Computational workflow optimization for magnetic fluctuation measurements of 3D nano-tetrapods
(2021)
The detailed understanding of micro–and nanoscale structures, in particular their magnetization dynamics, dominates contemporary solid–state physics studies. Most investigations already identified an abundance of phenomena in one–and two–dimensional nanostructures. The following thesis focuses on the magnetic fingerprint of three–dimensional CoFe nano–magnets, specifically the temporal development of their hysteresis loop. These nano–magnets were grown in a tetrahedral pattern on top of a highly susceptible home–build GaAs/AlGaAs micro–Hall sensor using focused electron beam induced deposition (FEBID).
During the measurements, utmost efforts were employed to exemplify current best research practices. The data life cycle of the present thesis is based upon open–source data science tools and packages. Data acquisition and analysis required self–written automated algorithms to handle the extensive quantity of data. Existing instrumental-controlling software was improved, and new Python packages were devised to analyze and visualize the gathered data. The open–source Python data analysis framework (ana) was developed to facilitate computational reproducibility. This framework transparently analyses and visualizes the gathered data automatically using Continuous Analysis tools based on GitLab and Continuous Integration. This automatization uses bespoke scripts combined with virtualization tools like Docker to facilitate reproducible and device–independent results.

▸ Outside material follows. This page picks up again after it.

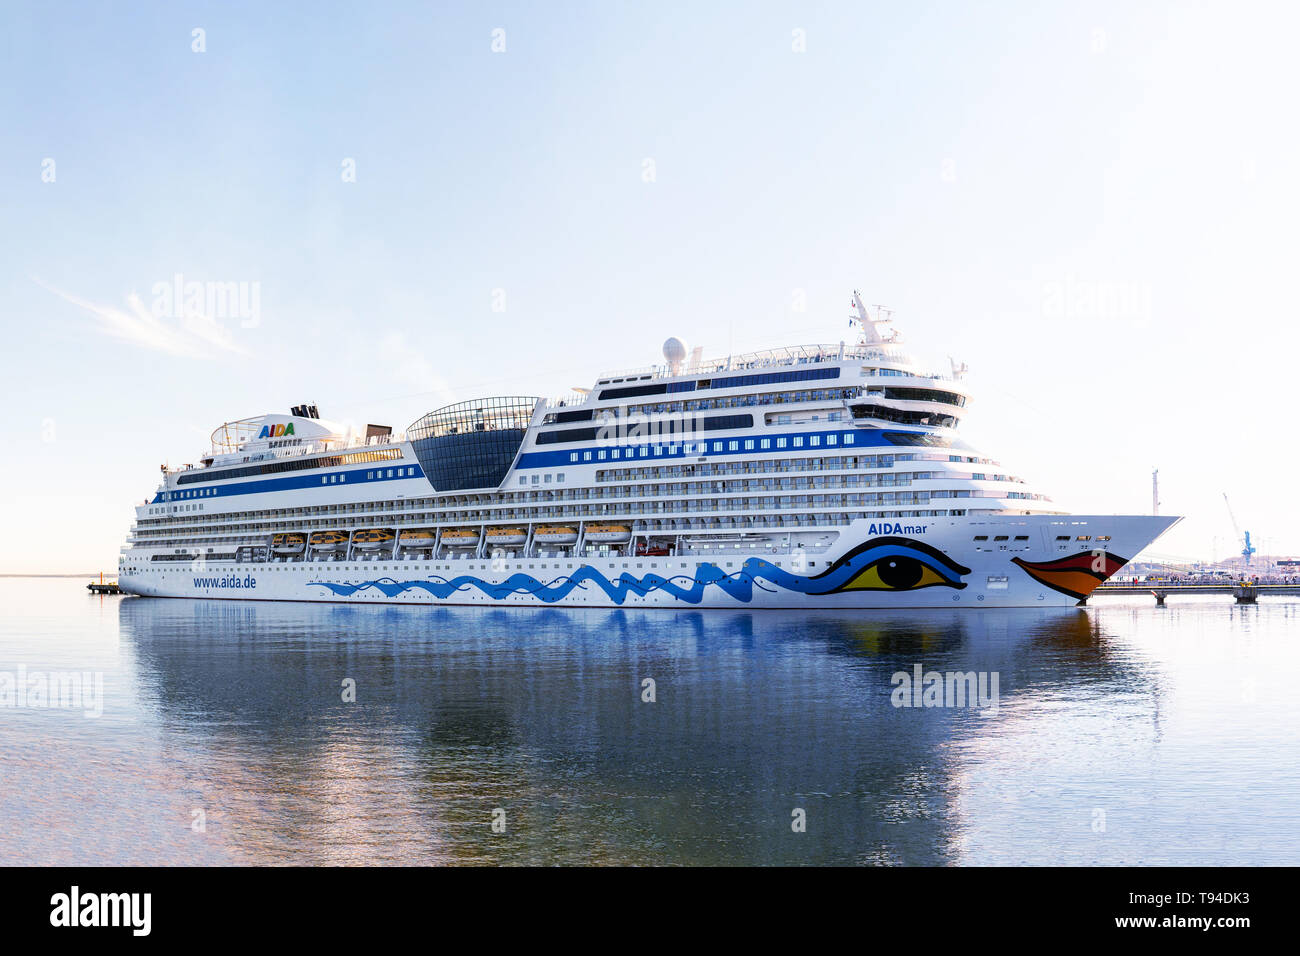 AIDAmar Kreuzfahrtschiff der AIDA Cruises Flotte angedockt in Vanasadam Hafen Tallinn Estland Stockfoto

The hysteresis loops reveal distinct differences in subsequently measured loops with identical initial experimental parameters, originating from the nano–magnet’s magnetic noise. This noise amplifies in regions where switching processes occur. In such noise–prone regions, the time–dependent scrutinization reveals presumably thermally induced metastable magnetization states. The frequency–dependent power spectral density uncovers a characteristic 1/f² behavior at noise–prone regions with metastable magnetization states.